# What Is The Significance Of 5Ks



## Neutral Singh (Jun 21, 2004)

The Five Kakars are : 

1. Keshas - Unshorn hair 
2. Kangha - Comb 
3. Kara - An iron bracelet 
4. Kachhehra - Special tailored underwear 
5. Kirpan - Sword 
An Amritdhari (Baptised by Five Beloved ones) Sikh happily wears these 5 K's all the time. 

*The Keshas *

These are the stamp of Akal Purkh. As he has made other parts of the body so are the keshas. Unshorn keshas are the symbol of living in His will. A sikh should maintain unshorn hair on all parts of his body, right from the toe-tip to the head. In his way he becomes eligible for the God's grace. Guru Arjan Dev Says : 
"Saabat Surat Dastaar Sira" (1083) 
Long uncut hair, distingguish a Sikh from all others. A Sikh does not trim his hair even if he has to sacrifice his life. His keshas are considered as a gift from the Guru. So he always keeps them neat, clean and duly covered with a Turban to protect them from dirt. A Sikh who trims his Keshas is considered a fallen one and is called Sirgum or Patit. Sikh ladies are also ordained not to trim or pluck their hair or eye-brows. The image of Sikh created by God (Waheguru) as such may be preserved by him. Waheguru has lent spiritual strength to him through the natural growth of hair on his body. These hair act as hidden eloquence of Divinity. All the saints, sages, Prophets and Enlightened souls born on this earth had kept their hair in tact with respect. In compliance with the command of Guru Gobind Singh Ji, a sikh should always show full respect to the hair thinking them as the natural gift of God (Akal Purkh). 

*The Kangha *

A Kangha is used for cleaning the hair. A Sikh always keep his Kanga in his hair. A wooden kanga is universally used by Sikhs. Sikhs comb hair twice a day-morning and evening. The Kangha is equally reminiscent of cleanliness of mind and heart both. Cleaning of mind and heart is possible only through recitation of or listening to Gurbani and service of man - the truthful way of life as shown by Guru Sahib. Physical development alone is not enough. Conscious efforts will have to be made in order to achieve spiritual uplift which is possible only through the purity of mind and heart together. Thinking Kanga to be an integral part of the body it should always be kept inside the hair. 

*The Kara *

Every sikh wears Kara. It is a bracelet made of steel/iron. It is adorned on the right hand of a sikh.
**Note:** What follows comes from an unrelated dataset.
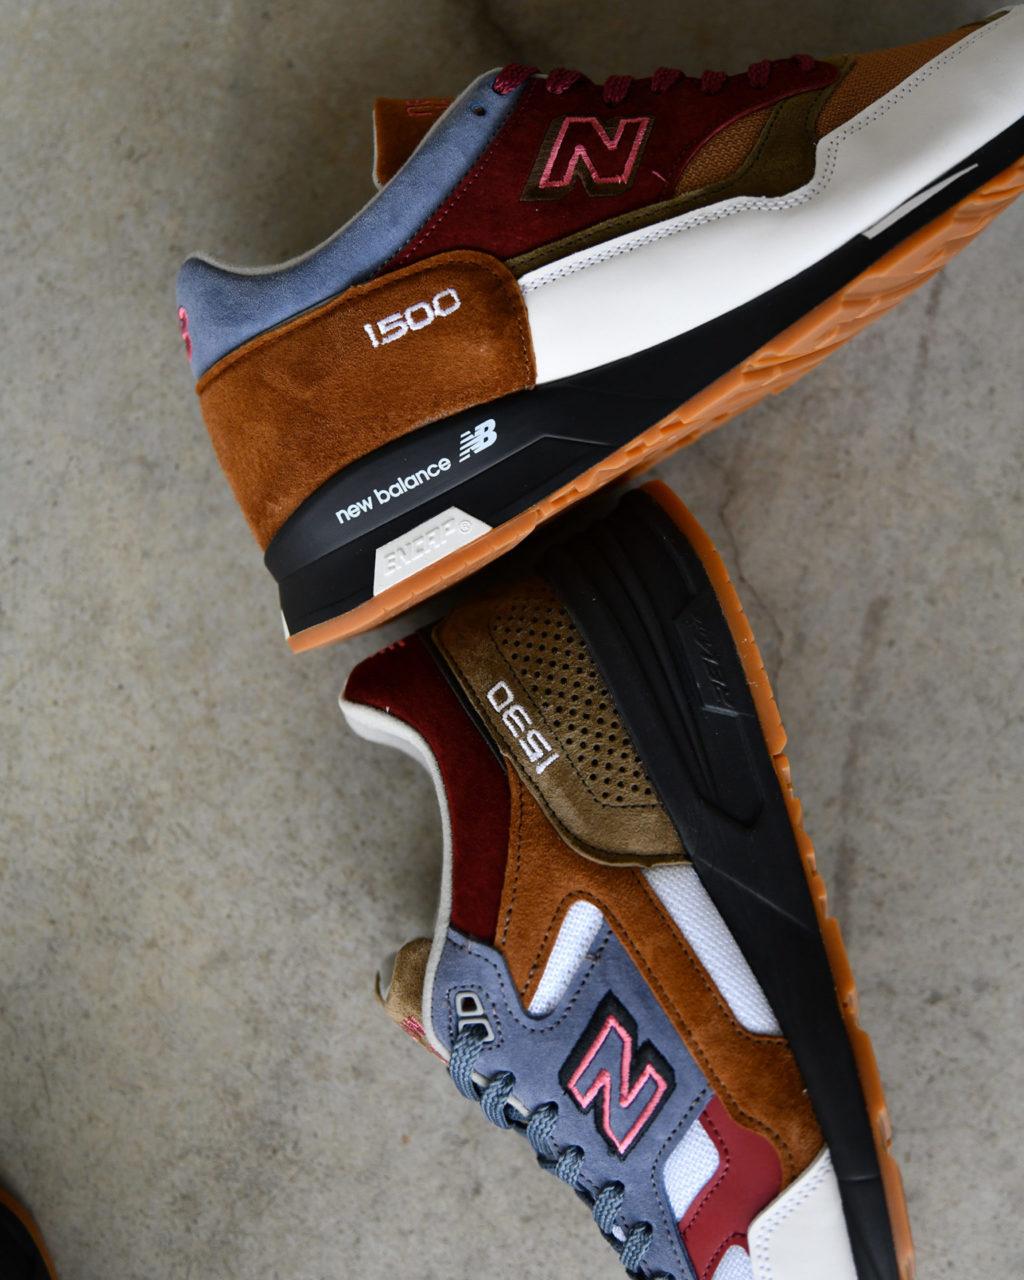 New Balance 1500 & 1530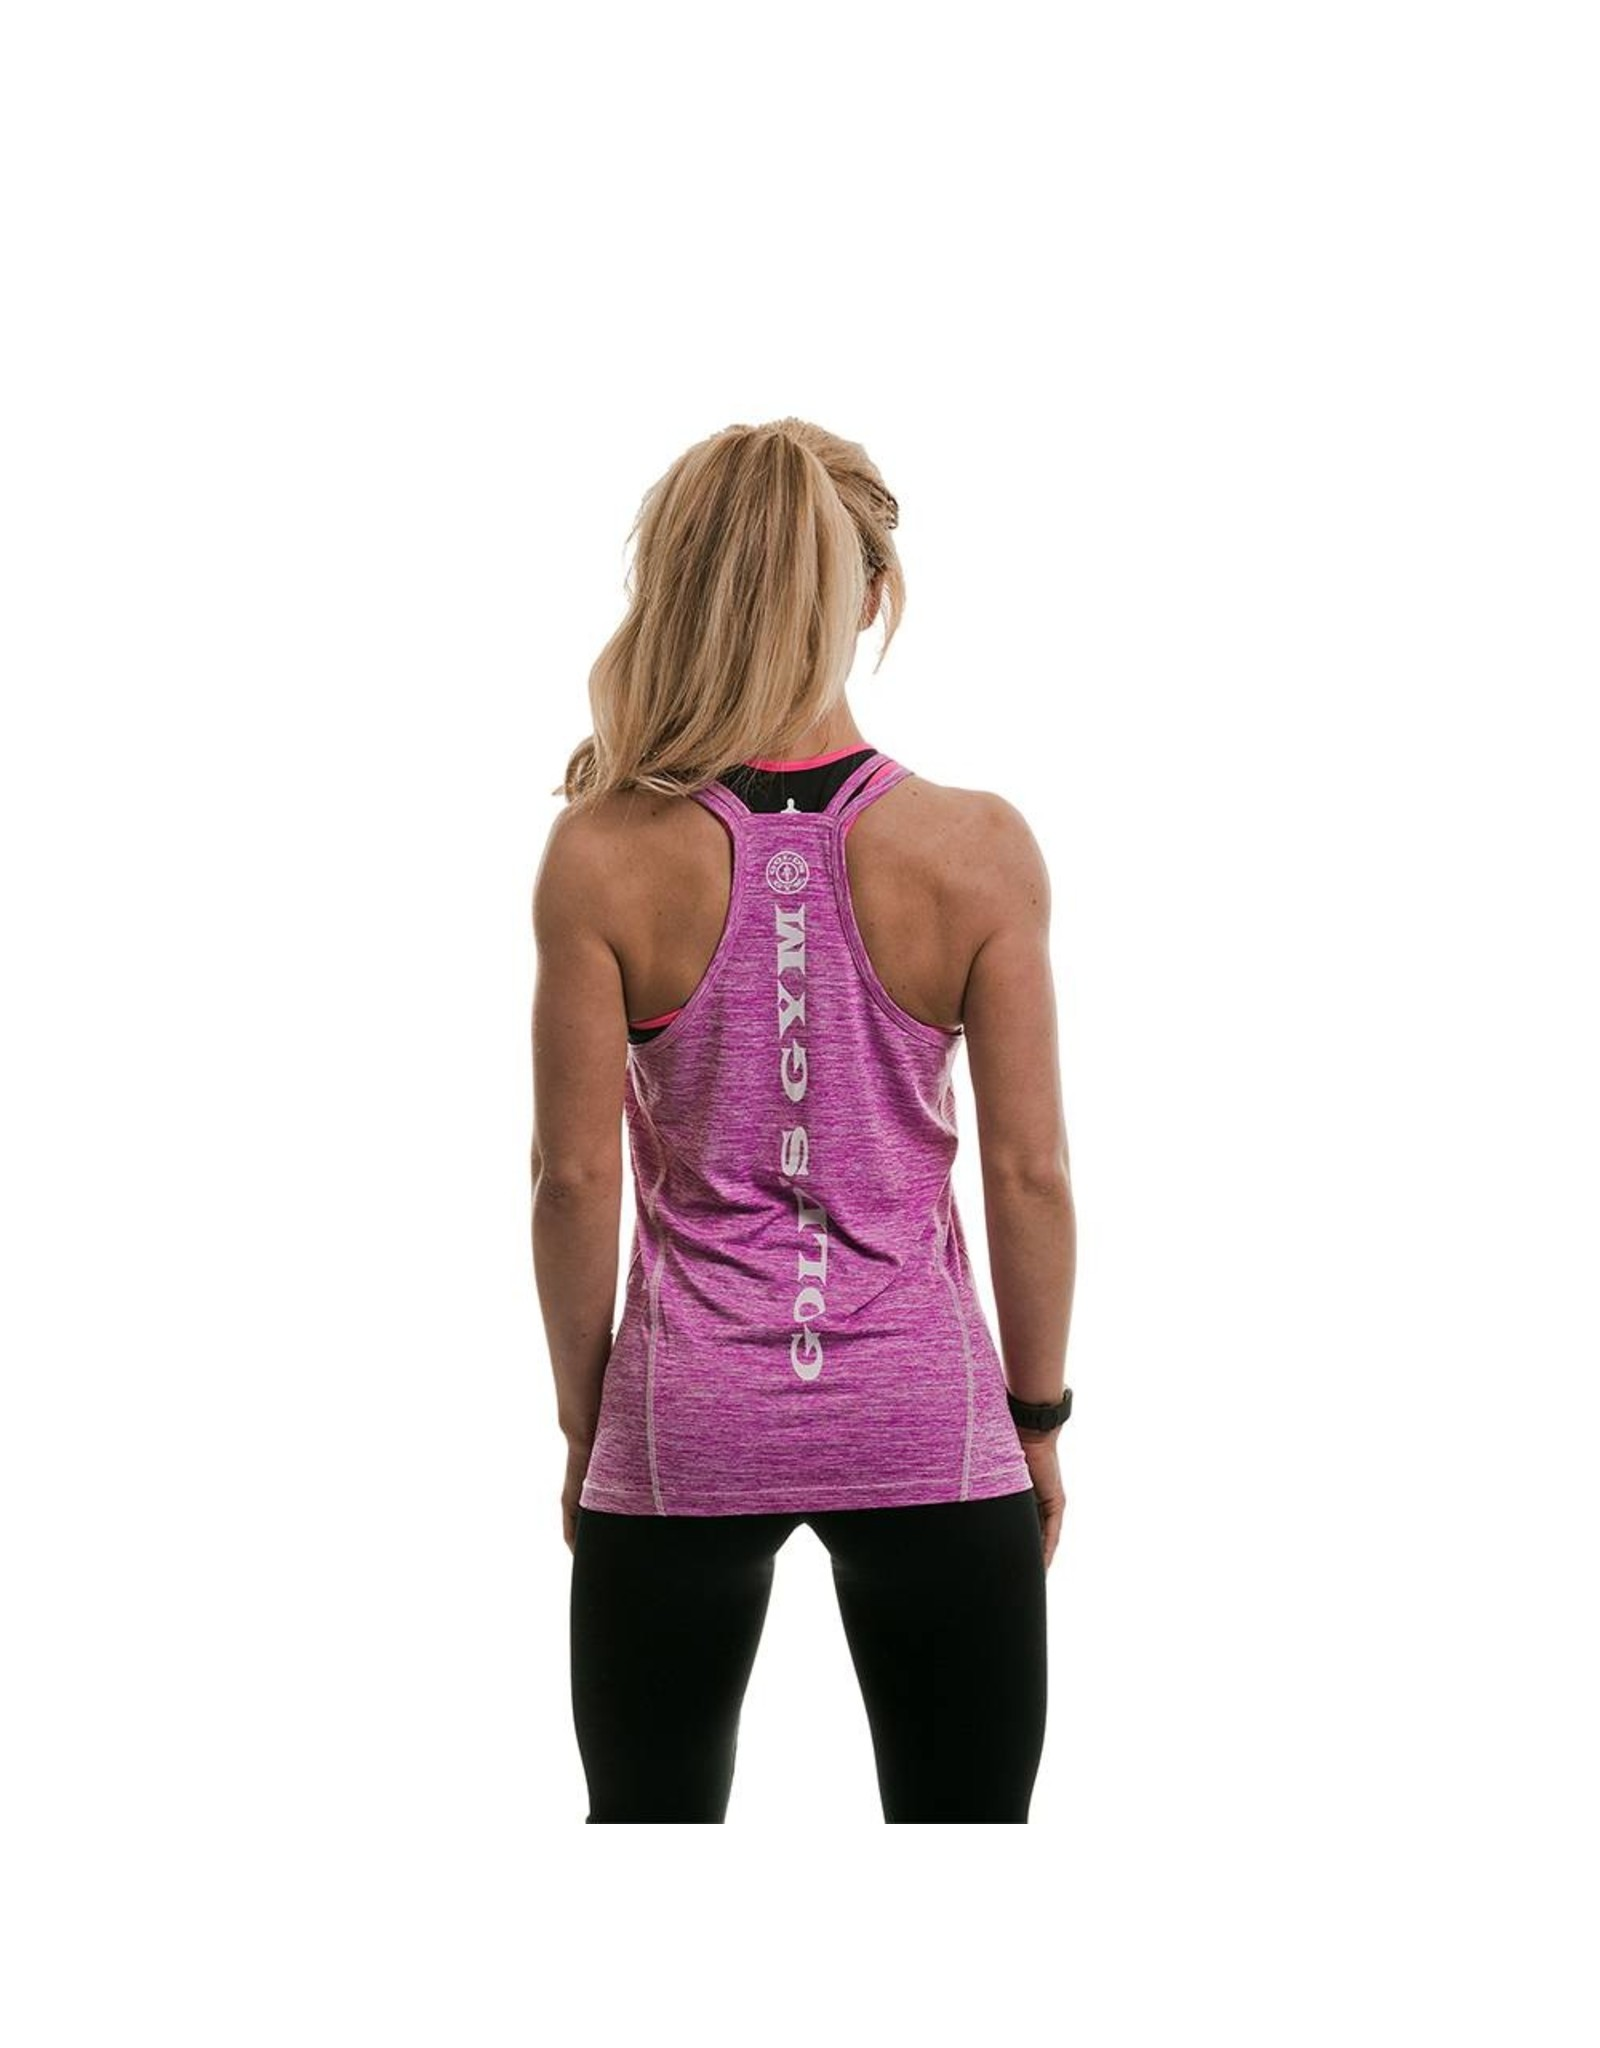 Gold's Gym Performance Ladies Vest - Lilac Marl

It reminds him of his spiritual relationship having been established with Guru. And now he belongs to Guru. This bracelet made of steel symbolises his steel like impregnable resolution and inner strength of soul. It always warns him against doing any evil deed (misdeed) with his hands and feet. There is another old belief of the people that all the evil spirits get sacred away from a person wearing a bracelet made of steel. Any one (a gursikh) who has established his relationship with Guru, he only belongs tohim as a consequence of which no evil soul can cast its impact on him. The Kara should be only of steel, golden or other metallic bracelets are not considered as sacred by the Guru. 

*The Kirpan *

Sikh has been instructed by the Guru to always keep a sword on his person. Sikhs wear it with a strip of cloth called 'Gatra'. A sikh is always supposed to have it hanging around his waist. It is never detached from the body. At the time of taking bath, it may adorn over his head and while washing his hair it nay be trucked into the bridle. 
It is our sacred duty to show full respect to it. It also reminds him of his inner spiritual strength which can be acquired only through the recitation of Divine word 'Waheguru'. It is this strength alone which enables him, though with great conscious efforts, to have control over passions of lust for sin, anger, avarice attachment and pride. In the same way, he can offer protection to humanity by challenging the outer forces of cruelty, tyranny oppression injustice (social, political and economic) Kirpan further beckons that no innocent should be subjected to cruelty and oppression. Sikh equipped with Kirpan created by Guru Gobind Singh Ji stands for peace, justice truth and brotherhood. He is supposed to embrance the entire humanity irrespective of caste, creed, colour, position and nationality. These things alone infuse in him some invincible spiritual strength bestowed upon him by Guru Gobind Singh Ji. 
Million-fold vices and sins get naturally destroyed with the equipment of Kirpan, for it stands for purity, peace, justice and truth. At the time of performing Ardas, Kirpan is used for the acceptance and distribution of Karah Prasad and similarly for the acceptance of Langar (food) among the congregation. 

*The Kachhehra *

Every sikh wears an underwear that is specially designed and stiched. It symbolises the high character of the Sikhs. It facilitates him to have control over his carnal desires. It stands for his absolute fidelity towards his wife and how he is to keep up the family discipline while leading a married life in this world. In this way, a Sikh (Male or Female) looks upon every man or woman as his or her brother and sister other than her husband and his wife.


----------



## Mehtab Singh (Jun 30, 2004)

Waheguru Ji Ka Khalsa Waheguru Ji Ki Fateh

For those who can understand Punjabi, there is an amazing katha by Gyani Sant Singh Jee Maskeen at www.proudtobesikh.com . On the right hand side, under *Gurbani Viakhia Sahit*, and its entitled *Kakaar*.

Waheguru Ji Ka Khalsa Waheguru Ji Ki Fateh


----------